While other Caribbean islands such as St. Kitts and Nevis have already announced such free stays to New York and Washington firefighters and police officers and their families, he said, they "aren't offering airfare. The difficulty is absorbing that cost. But we will do this, somehow."
Another initiative under consideration, he said, is an idea borrowed from the cruise lines, which offer passengers free airfare to their ports of embarkation. "They're great promotions," he said. "We'll do something similar. Say, if you book two passengers, the second one flies free, with the second one paid for by the government."
He said he has established a "dialogue" with Sen. Alicia "Chucky" Hansen, who chairs the Senate Finance Committee, and he hopes she will be receptive to the private sector's ideas.
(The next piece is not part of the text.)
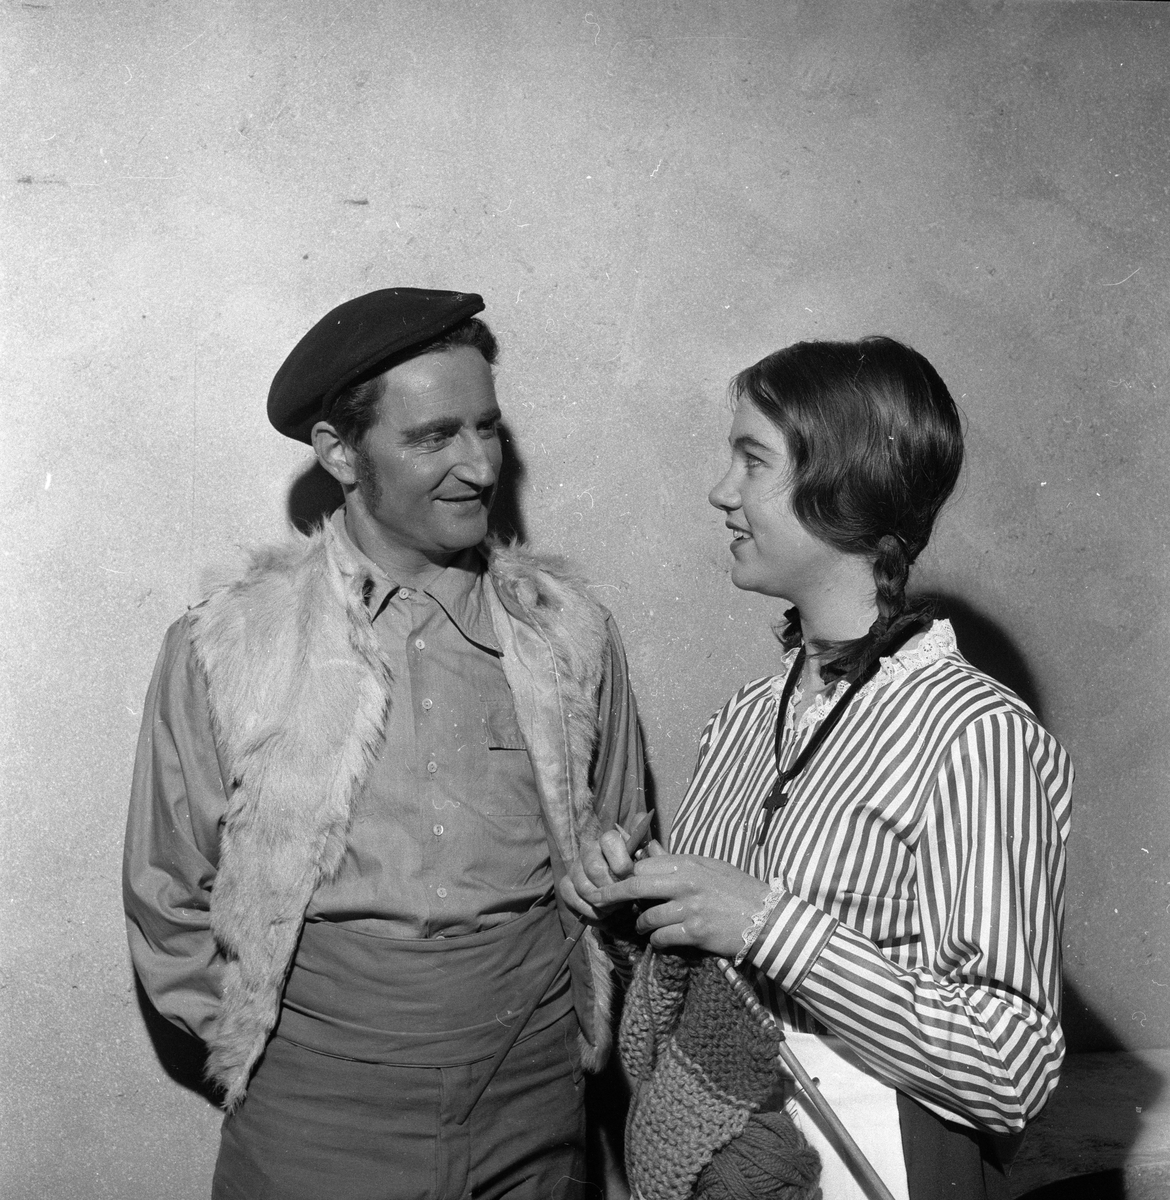 Fra operaprøve av "Lavlandet" på Folketeatret. To skuespillere. Fotografert februar 1959.

"We've got to promote the infrastructure in the V.I.," Doumeng said. "There was a time when I got sick of hearing constantly 'America's Caribbean.' Now, we've got to use it. We have to show that the infrastructure is in place, we have the U.S. Coast Guard, we are a safe American destination."
After his speech, Doumeng was asked about Labor Commissioner Cecil Benjamin's public remarks to the effect of the hotels laying people off to take advantage of the mainland tragedy. Doumeng almost couldn't answer. "That is so profoundly beyond what is going on," he said. "Don't these people look around? The hotels are empty. It's certainly not a political move."